» WHAT THE TASK ASKS:
An exact copy is needed of the lines from the one that contains "Bowl with yogurt, blueberries" through the final line of the data below, with pictures left out.

» MATERIAL PROVIDED:

■ ■ ■ ■ ■ ■ ■

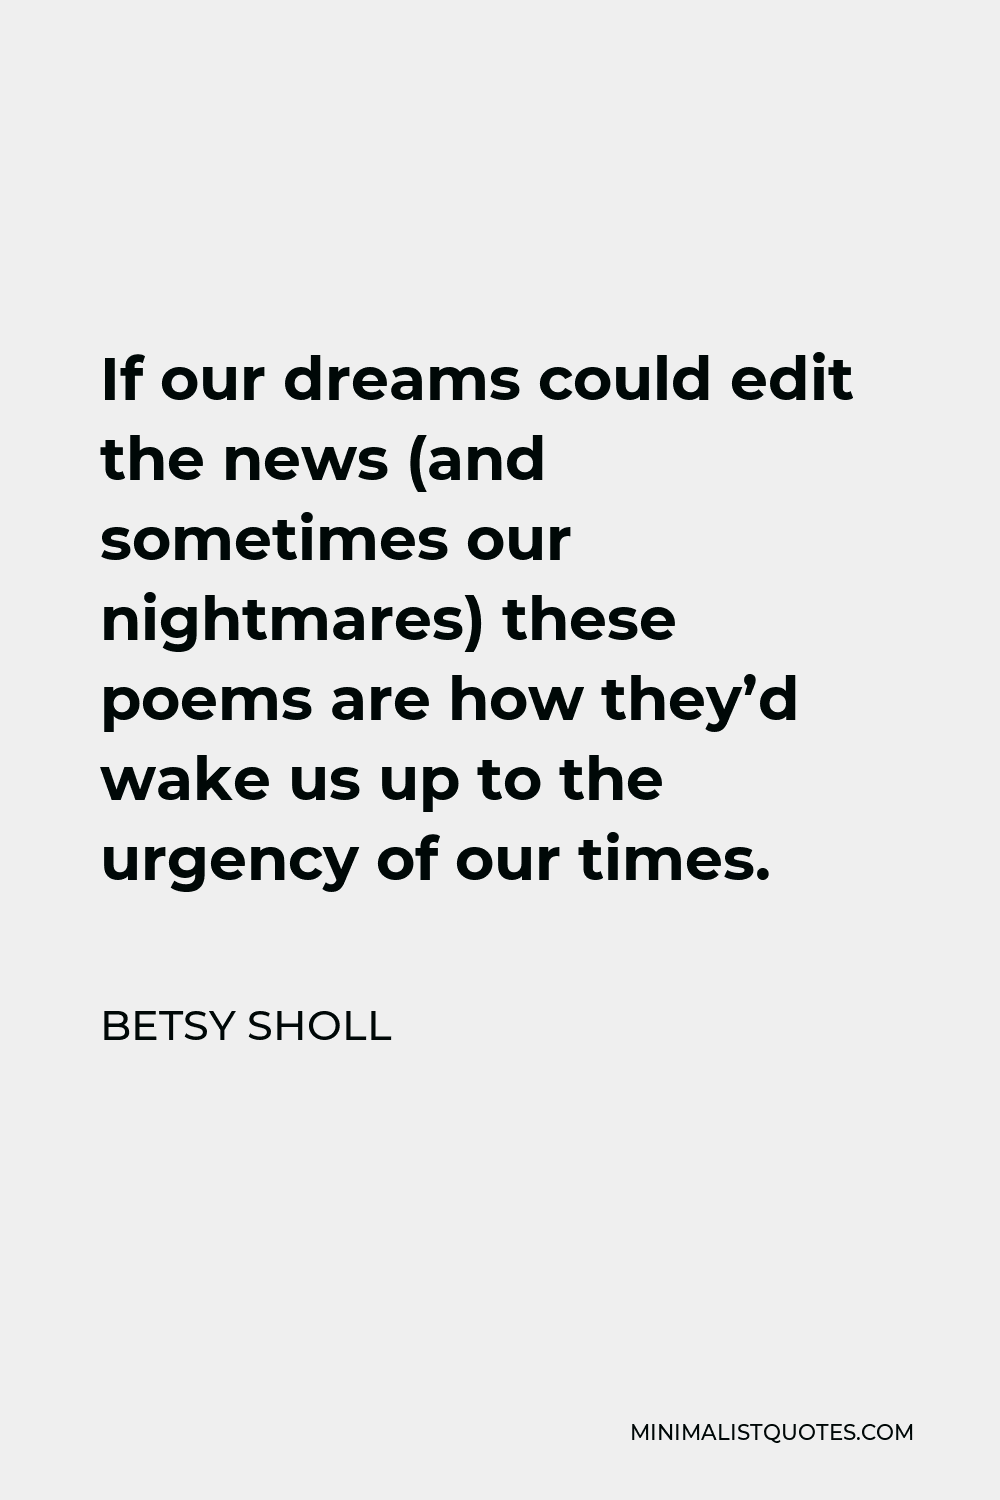 Betsy Sholl Quote - If our dreams could edit the news (and sometimes our nightmares) these poems are how they’d wake us up to the urgency of our times.
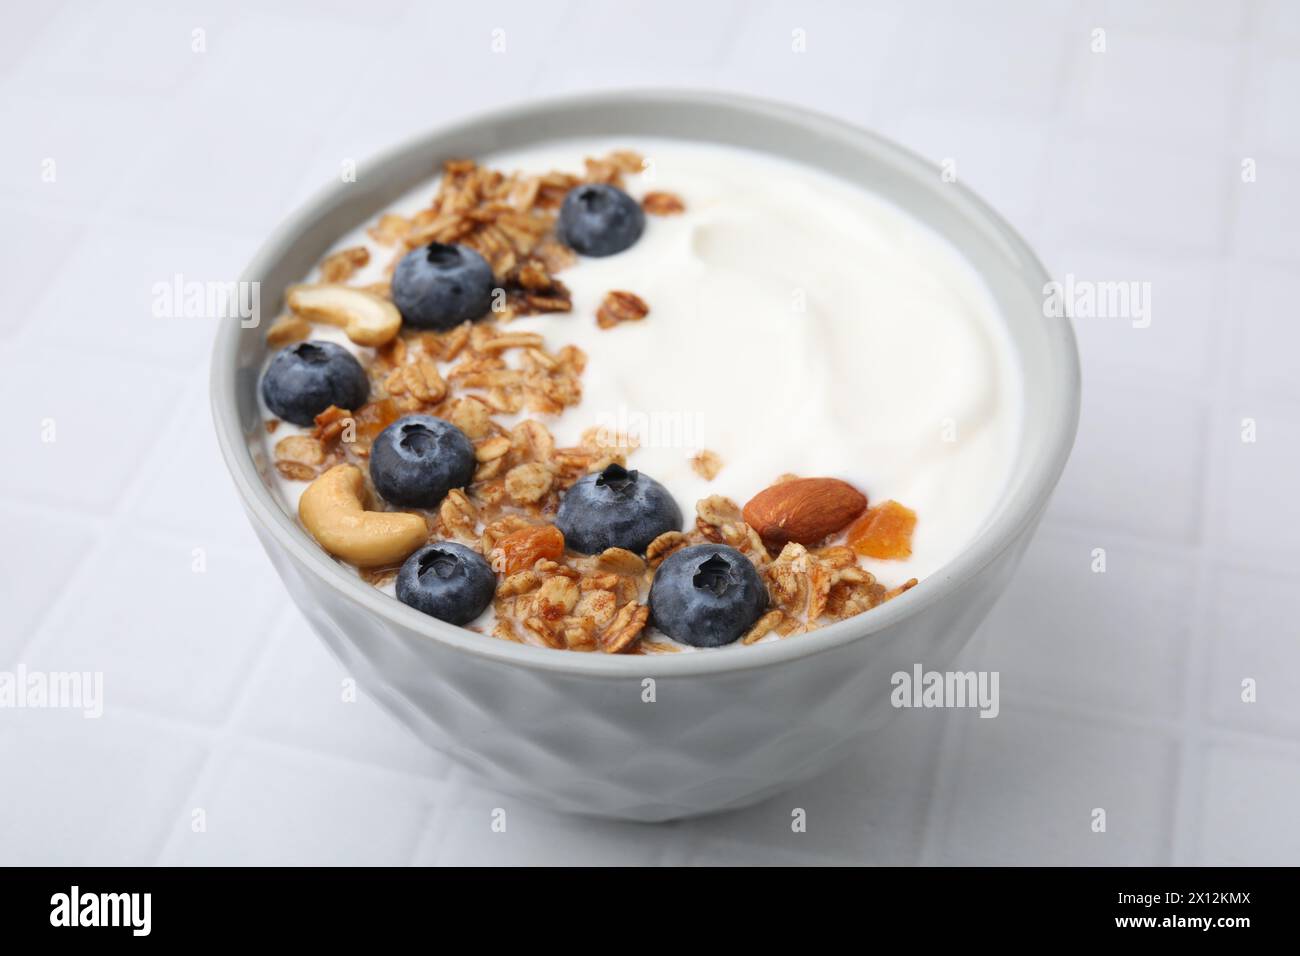 Bowl with yogurt, blueberries and granola on white tiled table, closeup Stock Photo
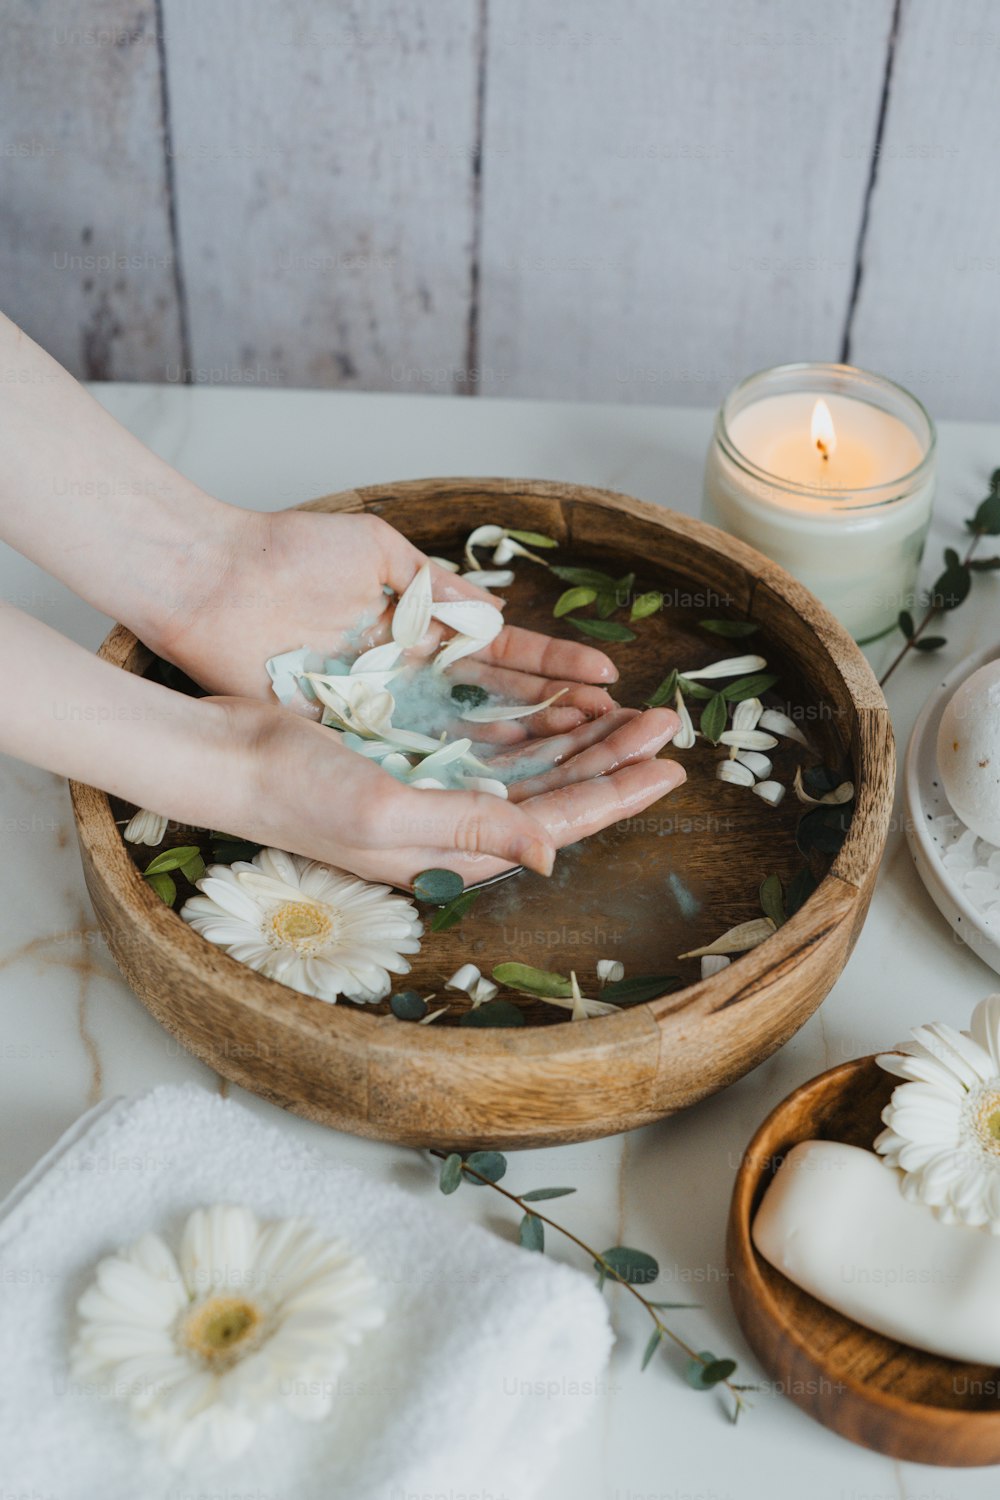 a person's hands on a wooden bowl with flowers and candles

■ ■ ■ ■ ■ ■ ■

» RESPONSE TO THIS TASK:
 Bowl with yogurt, blueberries and granola on white tiled table, closeup Stock Photo
 a person's hands on a wooden bowl with flowers and candles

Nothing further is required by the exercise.